GNU Emacs Lisp Reference Manual: Case Tables

4.9 The Case Table

You can customize case conversion by installing a special case table. A case table specifies the mapping between upper case and lower case letters. It affects both the case conversion functions for Lisp objects (see the previous section) and those that apply to text in the buffer (see Case Changes). Each buffer has a case table; there is also a standard case table which is used to initialize the case table of new buffers.

A case table is a char-table (see Char-Tables) whose subtype is case-table. This char-table maps each character into the corresponding lower case character. It has three extra slots, which hold related tables:

upcase: The upcase table maps each character into the corresponding upper case character.
canonicalize: The canonicalize table maps all of a set of case-related characters into a particular member of that set.
equivalences: The equivalences table maps each one of a set of case-related characters into the next character in that set.

In simple cases, all you need to specify is the mapping to lower-case; the three related tables will be calculated automatically from that one.

For some languages, upper and lower case letters are not in one-to-one correspondence. There may be two different lower case letters with the same upper case equivalent. In these cases, you need to specify the maps for both lower case and upper case.

The extra table canonicalize maps each character to a canonical equivalent; any two characters that are related by case-conversion have the same canonical equivalent character.
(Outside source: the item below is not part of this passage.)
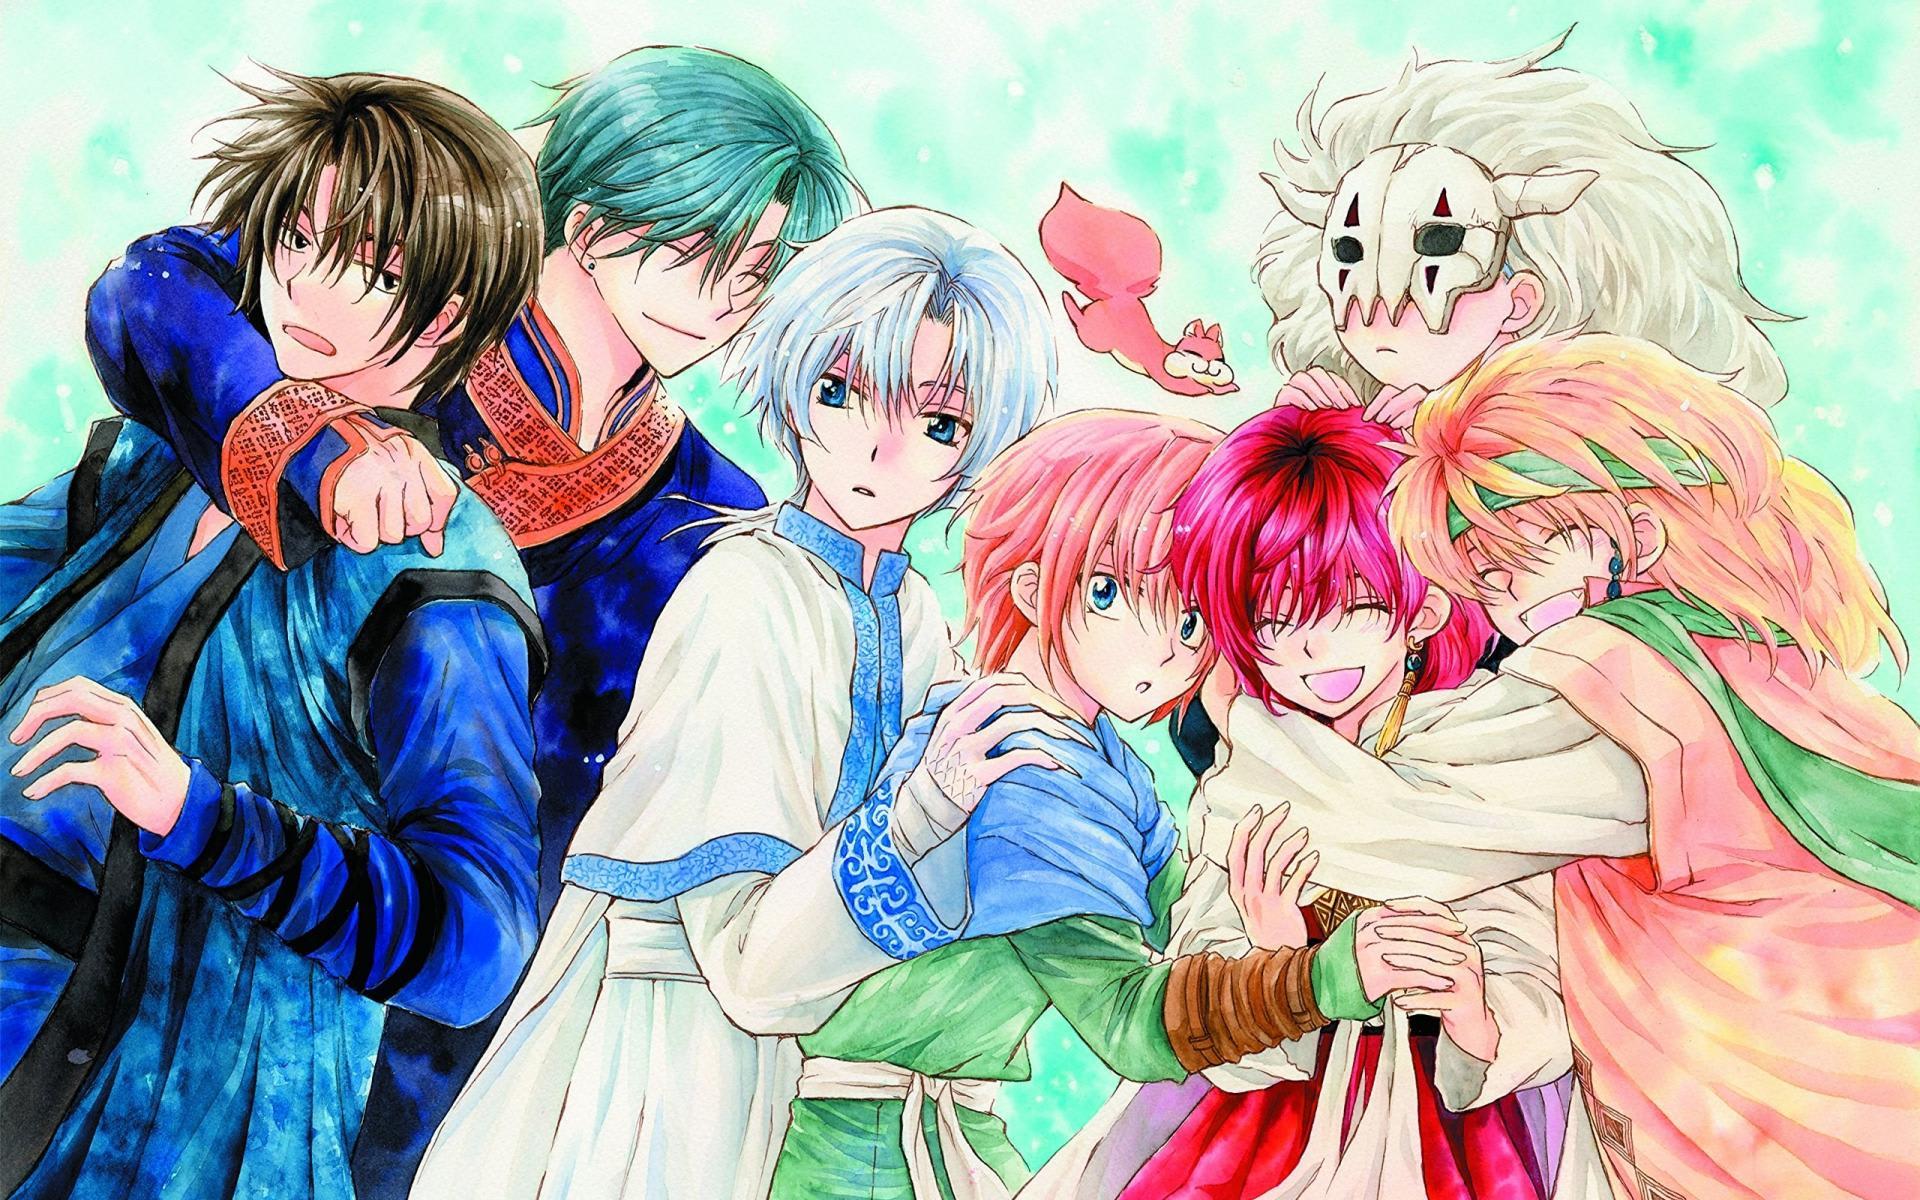 Ten Of The Best Romance Manga To Date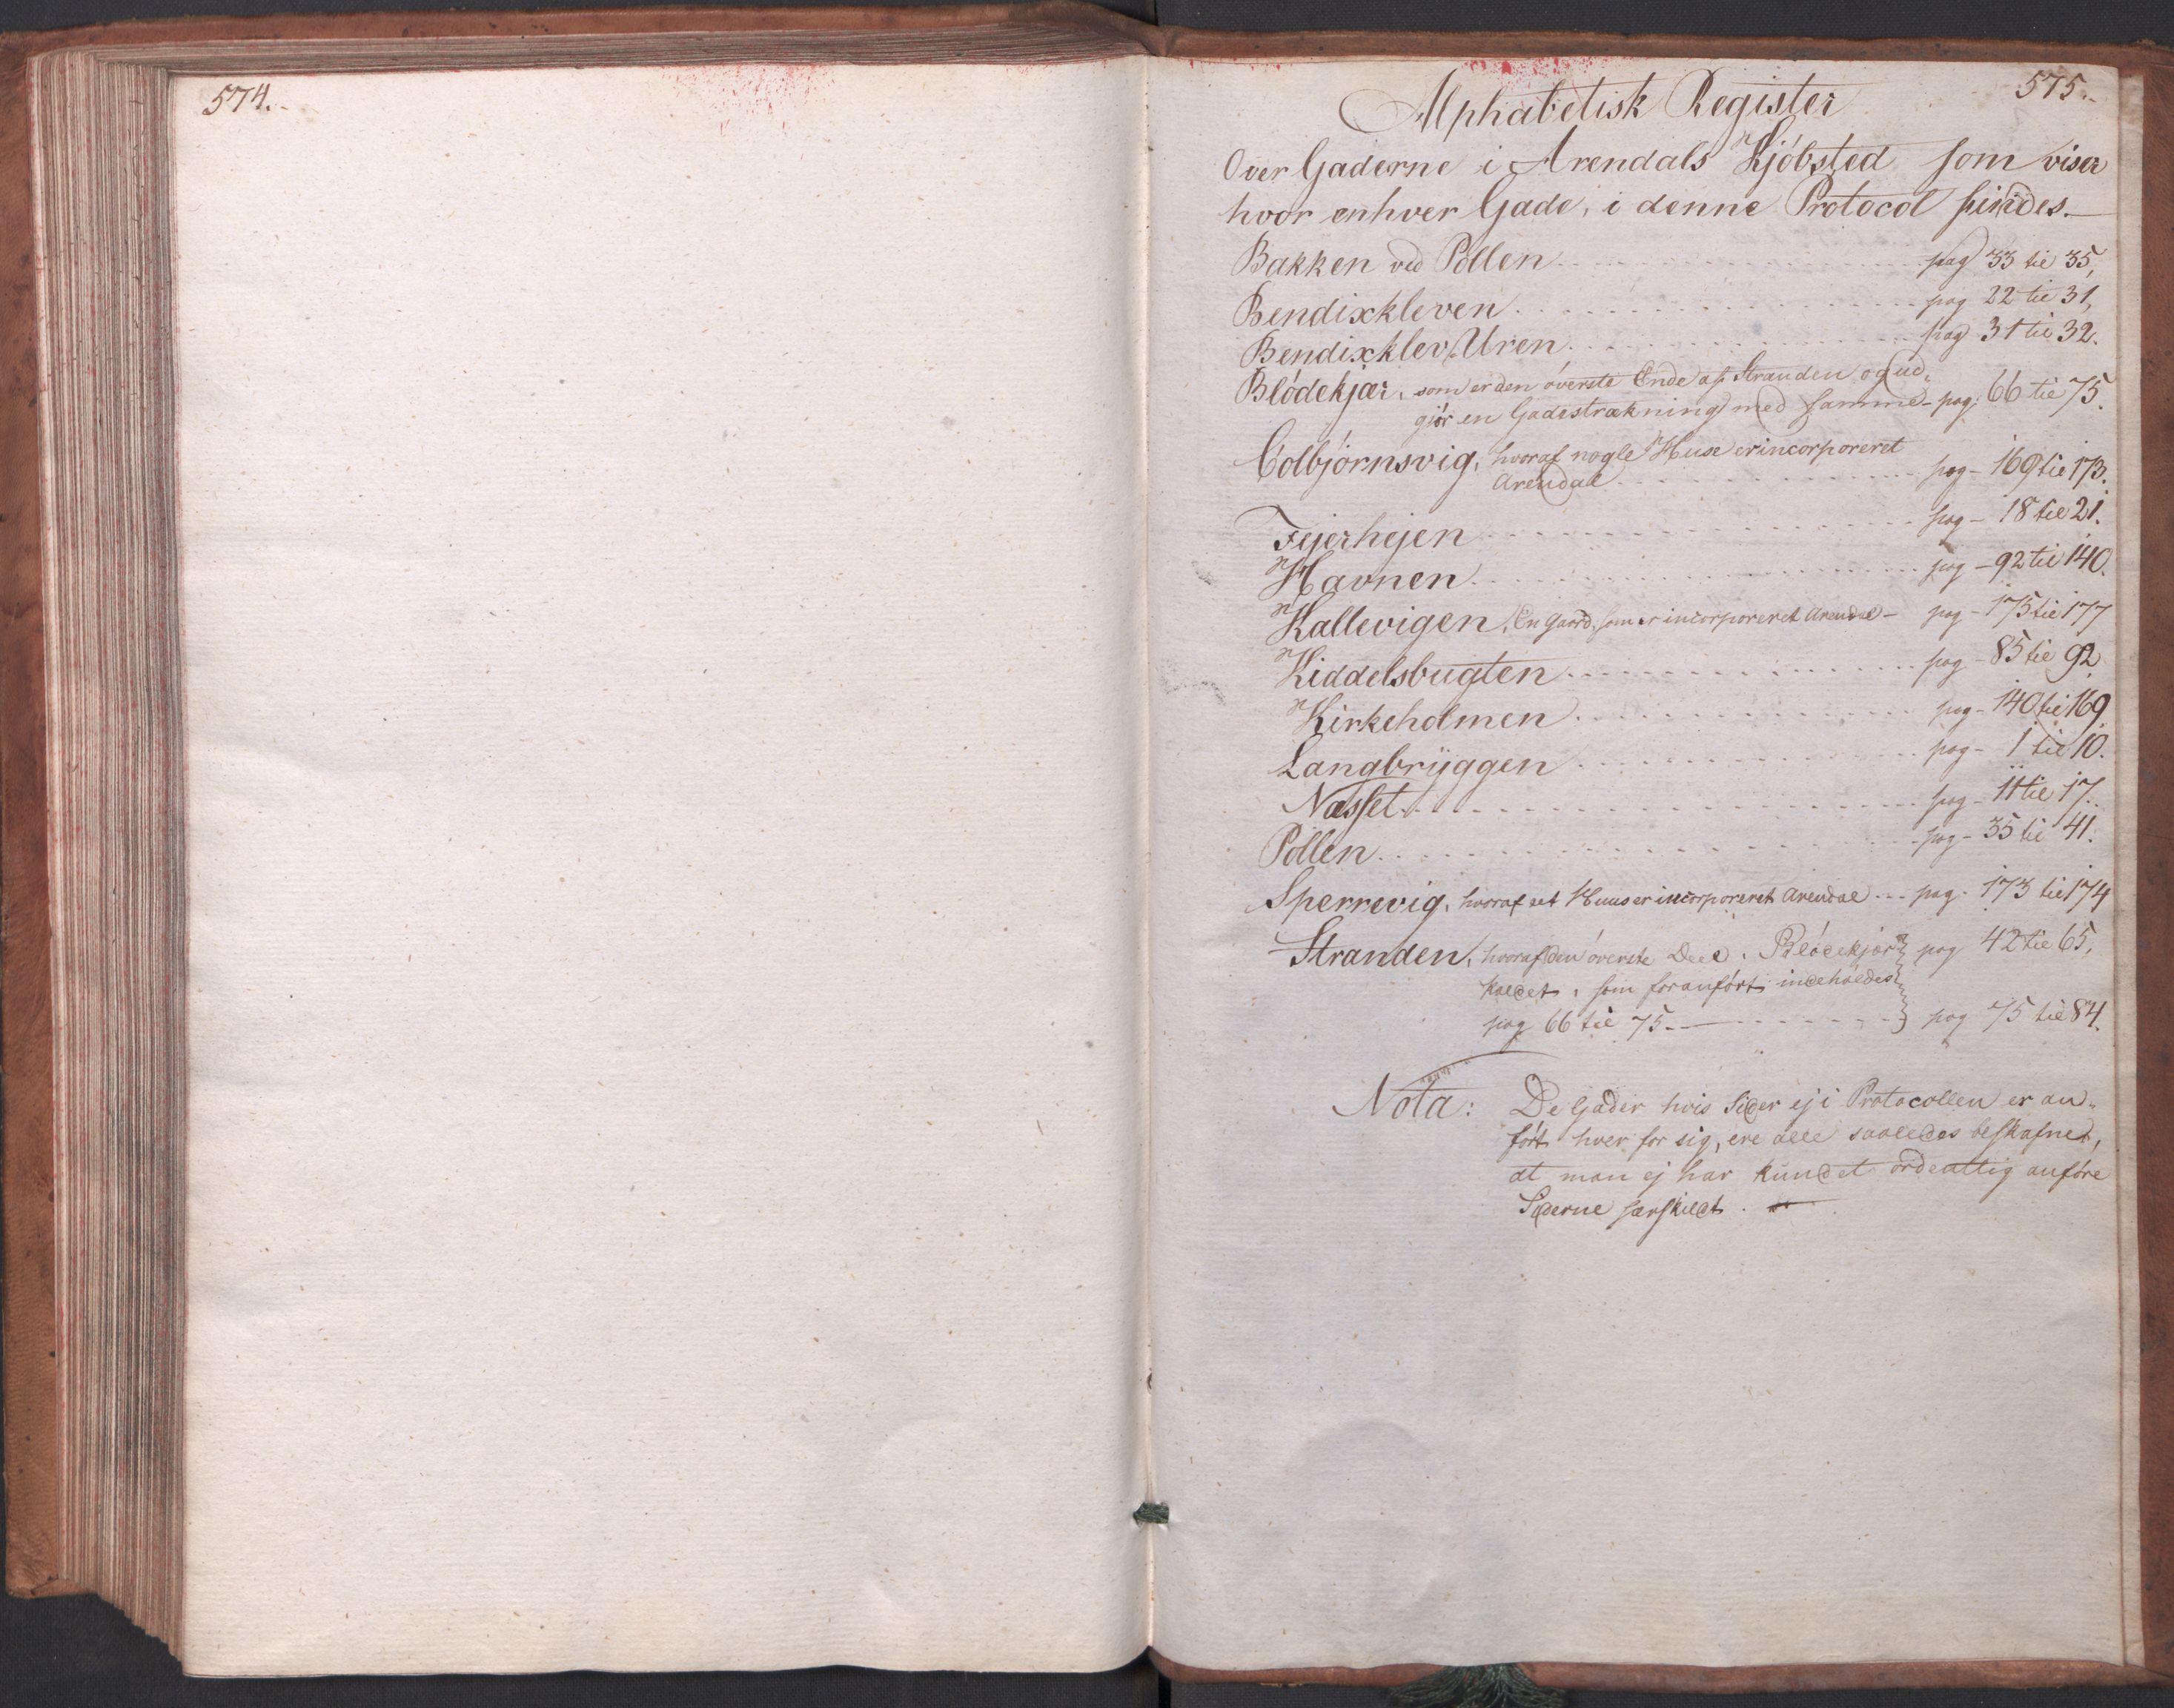 RA, Kommersekollegiet, Brannforsikringskontoret 1767-1814, F/Fa/L0003: Arendal, 1807-1817, p. 574-575

For example, since ‘a’ and ‘A’ are related by case-conversion, they should have the same canonical equivalent character (which should be either ‘a’ for both of them, or ‘A’ for both of them).

The extra table equivalences is a map that cyclically permutes each equivalence class (of characters with the same canonical equivalent). (For ordinary ASCII, this would map ‘a’ into ‘A’ and ‘A’ into ‘a’, and likewise for each set of equivalent characters.)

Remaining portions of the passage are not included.